The mechanisms underlying the genital development are not fully understood. FGFs and BMPs and their receptors belong to a rather compact group of ‘tool kit’ genes, which participate in several developmental pathways, and used redundantly to build the different organs, including the genitourinary structures.19 Furthermore, these genes have a role in murine hypospadias. Although extrapolation to human development should be carried out critically, the high conservativeness of these pathways suggests that the same molecules might also be involved in hypospadias in humans.

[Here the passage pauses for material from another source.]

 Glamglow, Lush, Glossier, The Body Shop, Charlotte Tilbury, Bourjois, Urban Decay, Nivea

In our study, gene variants in both FGF8 and FGFR2 were implicated in hypospadias. The two sequence variants on FGF8 that were found are located around a region coding to the COOH-terminal portion of the protein. This carboxyl region is shared by all the reported products of alternative splicing of this gene, which therefore might be of importance to the protein function. However, none of these gene variants alter the predicted protein structure. The sequence variants found in FGFR2 are more diverse, and their functional consequences more difficult to predict. The only non-synonymous variant (p.Met186Thr), as well as all the others, did not reveal any functional consequence according to homology and to protein structure prediction. But larger studies would be needed to elucidate the role of this variation. Also the combination of this SNP in a patient with another variant in the same gene may suggest a risk haplotype, or a cumulative effect of different gene variants. It is possible that the sequence variants that were found might cause different structural folds of mRNA, or altered splicing, or be in linkage disequilibrium with functional regulatory mutations or polymorphisms.

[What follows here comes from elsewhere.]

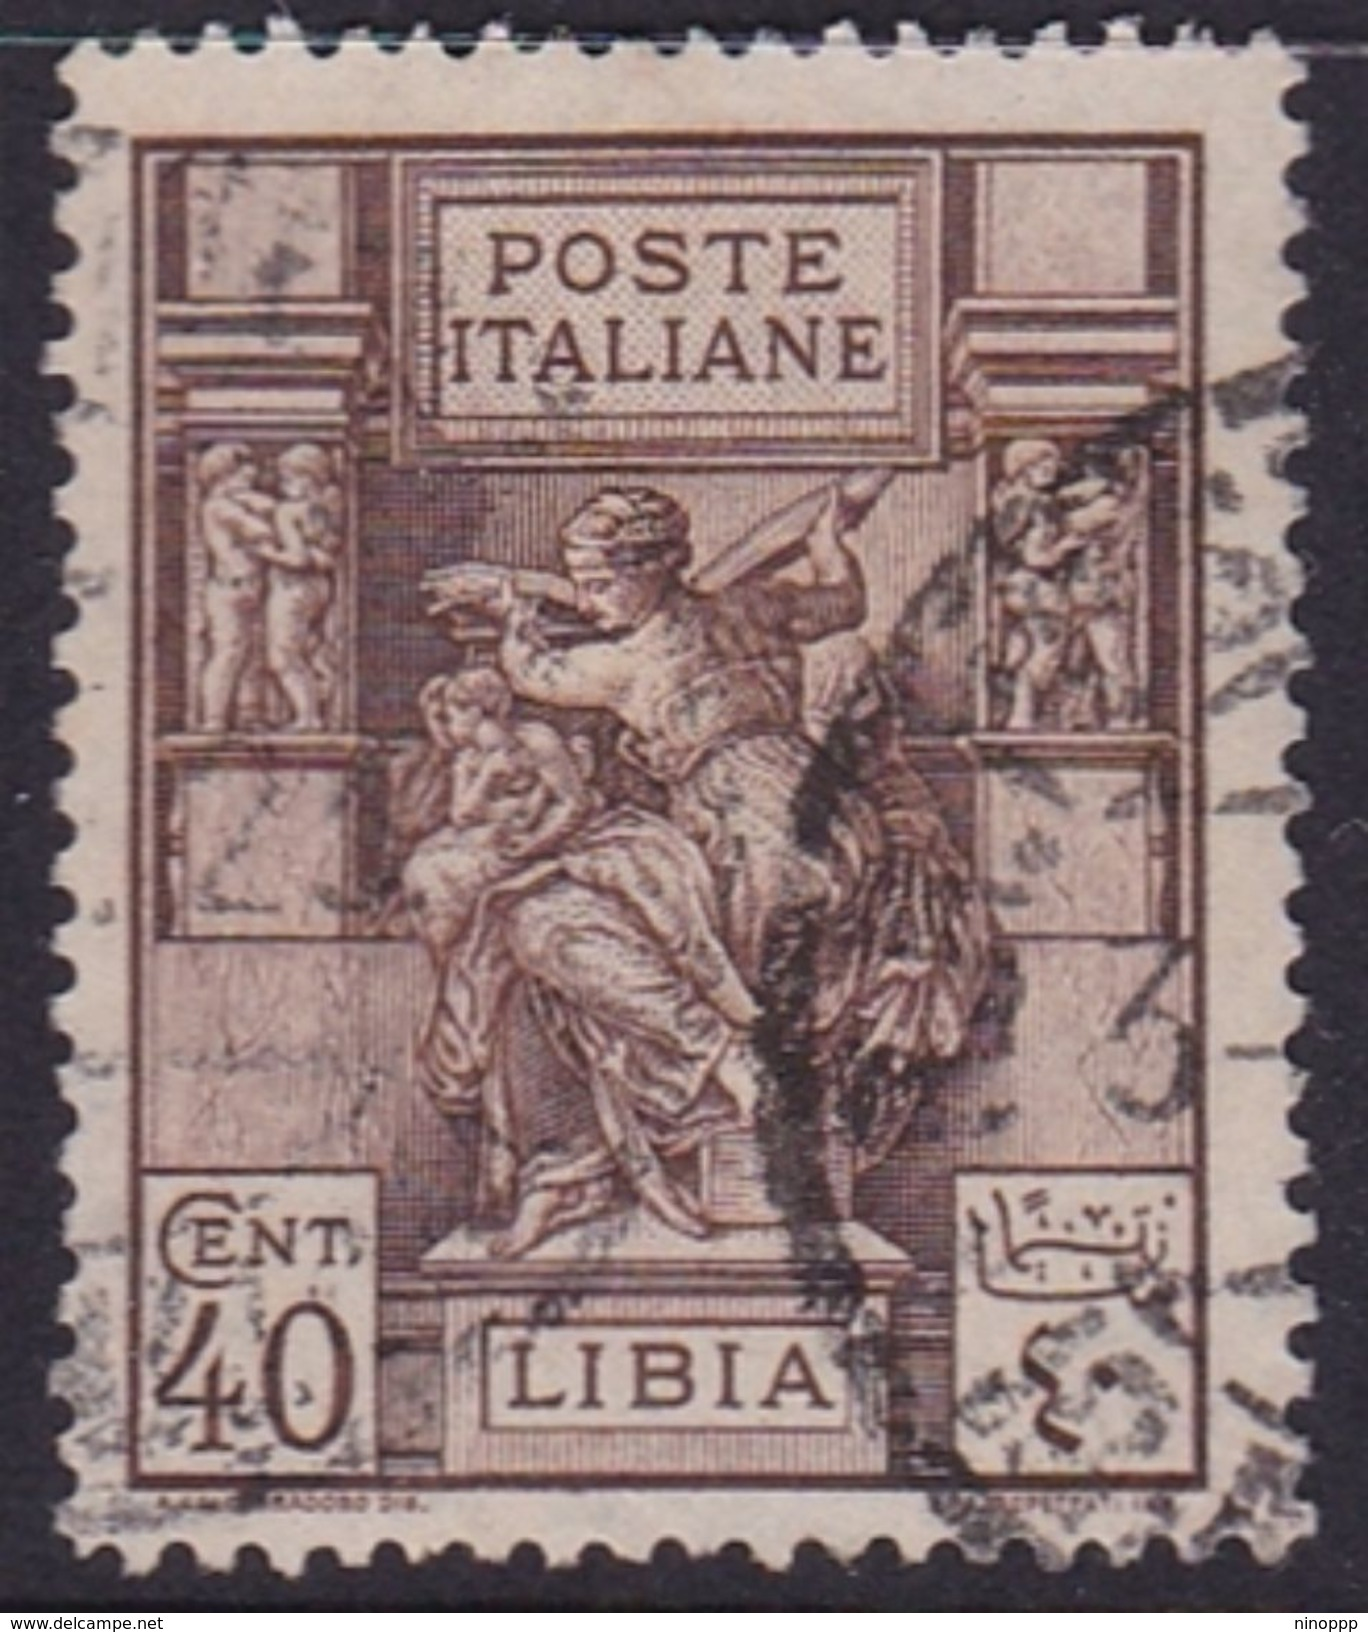 Italy-Colonies And Territories-Libya S 41 1924 ,Libyan Sibyl,40c Brown Used - Libya

FGF8 is induced by AR through an AR receptor mediated expression mechanism. This regulation acts through its androgen response element (ARE) sequences in FGF8's promoter.20, 21, 22 Fgfr2-IIIb has been shown to mediate the closure of the urethral tube through an AR-dependent process. The antagonism of AR leads to the downregulation of Fgfr2-IIIb in mouse genitalia. The presence of an AR binding site in the Fgfr2 promoter also supports an interaction between the two receptors.13, 14

The study has been performed by standard methods to detect mutations and other gene variants, with a sensitivity of near, but not exactly 100%. Therefore, some gene variants might still have been missed. Nevertheless, our study populations consisted of familiar cases, in order to increase the chance of finding genetic causes of hypospadias. The fact that we did not find coding mutations in such group, therefore, strengthens the conclusion that mutations in these genes are not important in the pathogenesis of human hypospadias. Additionally, the absence of gene variations in BMP7 and FGF10 in this study does not necessarily mean that these genes are not involved in hypospadias; however, it does not encourage further studies.

The present work is based on selected candidate genes, implicating gene variants, but not mutations, of FGF8 and FGFR2 in hypospadias. As male genital development is an AR-dependent process, one could speculate that the polymorphisms found in the FGF8 and FGFR2 genes of boys with hypospadias might interfere with AR responses during urethral development.